How would a bitcoin standard fare for a monetary system? An analysis by the Bank of Canada examined that scenario, conjecturing how a bitcoin standard would perform based on the performance of a gold standard that existed from 1880 to 1913. The gold standard was a monetary system in which nations’ currencies were tied to gold.
The 37-page paper [PDF] is written by Warren E. Weber, research consultant at the Bank of Canada, visiting scholar for the Federal Reserve Bank of Atlanta, and adjunct professor at the University of South Carolina.
The paper claims that because there would be no arbitrage costs for global transactions under a bitcoin standard, nations would not be able to follow independent interest rate policies. Central banks would retain limited ability to serve as last-resort lenders.
A bitcoin standard would have two key benefits over fiat currency. One is there would be more price level predictability on account of the deterministic rate by which the cryptocurrency is created. A second is that resources devoted to hedging against exchange rate fluctuations would be free to use in more productive ways.
Based on the classic gold standard period from 1880 to 1913, the paper claims currency under a bitcoin standard would have mild deflation and constant exchange rates.
Countries adopted the gold standard to achieve exchange rate stability against those of other countries that also adopted the standard. Stability was achieved through gold arbitrage. But because gold arbitrage incurred costs, exchange rates between different countries’ fiduciary currencies were not fixed but were limited to a range around their par values.
The bitcoin standard would be similar to the gold standard in that it would not be under the control of a monetary authority or a central bank.
The changes in the bitcoin supply would be determined by the algorithm governing the number of new bitcoins miners receive for verifying transactions and adding them to the bitcoin blockchain.
Change in the global gold stock was similarly based on gold discoveries and the invention of new ways to extract gold from ores.
As three distinct exchange media existed under the gold standard, three exchange media would exist under the bitcoin standard. They are: fiduciary currencies issued by central banks, bitcoin, and fiduciary currencies (deposits or bank notes) commercial banks issue.
Under the cryptocurrency, the scope of monetary policy would be more limited than under a gold standard. The capability of issuing fiduciary currency would provide central banks limited ability to serve as last-resort lenders. However, the costless arbitrage of the cryptocurrency would prevent central banks from implementing interest rate policies to impact nations’ economies.
The experiences of the gold standard yields the following conjectures about the performance of a bitcoin standard:
1) Long-term, deflation would be moderate and would grow over time until a deflation rate equal to the negative of the rate of growth of global output around 2016.

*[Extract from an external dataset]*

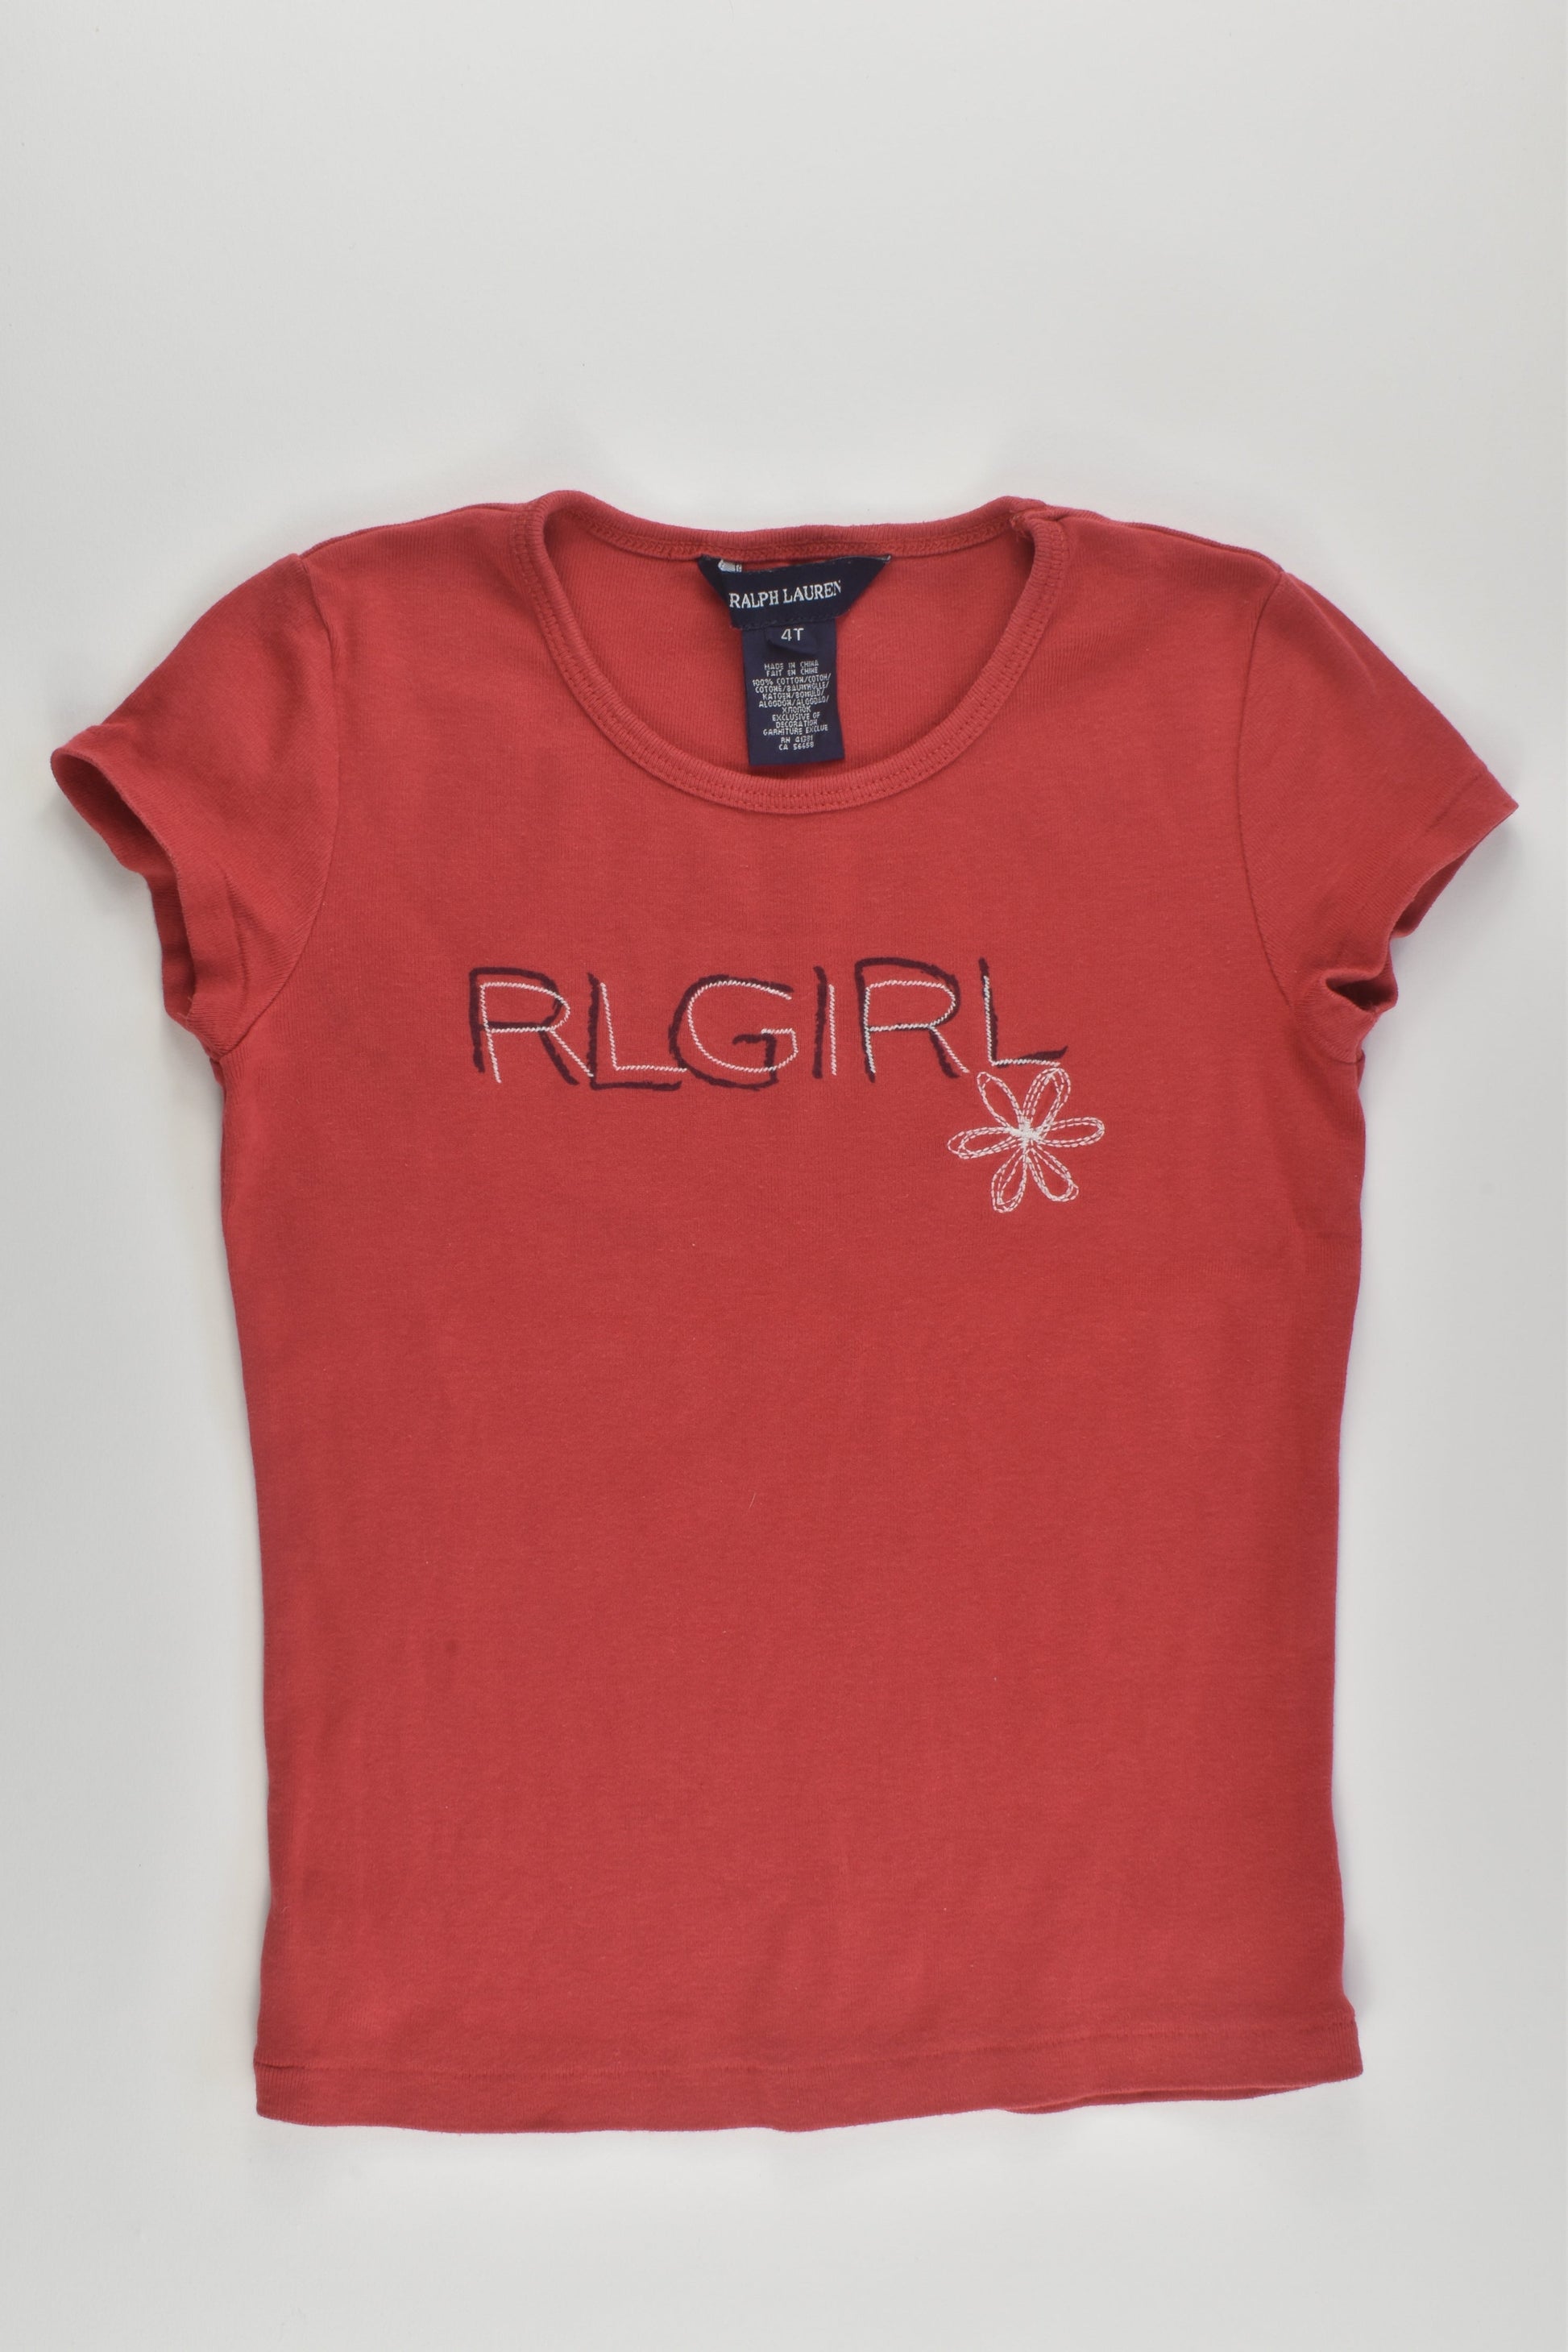 Ralph Lauren Size 4 T-shirt

2) Price levels of countries would be highly, though not perfectly, correlated, similar to how they were under the gold standard.
3) The exchange rates among fiduciary currencies of countries would remain fixed at par since the cost of bitcoin arbitrage is essentially zero.
4) Financial crises would still occur since they can happen under any fractional reserve financial system.
The paper also postulates how long the bitcoin standard would last if it came into existence.
A bitcoin standard could come into existence if the cryptocurrency became the predominant medium of exchange or the backing for the predominant medium of exchange. The paper offers different scenarios of how this might happen, but it notes this is not likely to happen. The author also states he is not advocating a bitcoin standard.
But even if the bitcoin standard came into existence, it would not last long, the paper argues. The payments industry is changing so fast that technological innovation would provide a medium of exchange with benefits similar to or better than the cryptocurrency. Such an innovation would come from either the government or the private sector.
Another factor contributing to the short existence of the bitcoin standard is that pressure would exist to return to a fiat money system so a more active monetary policy could be pursued.
The author does not think it likely a bitcoin standard would emerge since central banks and governments would oppose it. These parties want to protect the seigniorage revenues from creating money. They also want to retain the ability to deploy interest policies to affect domestic economies.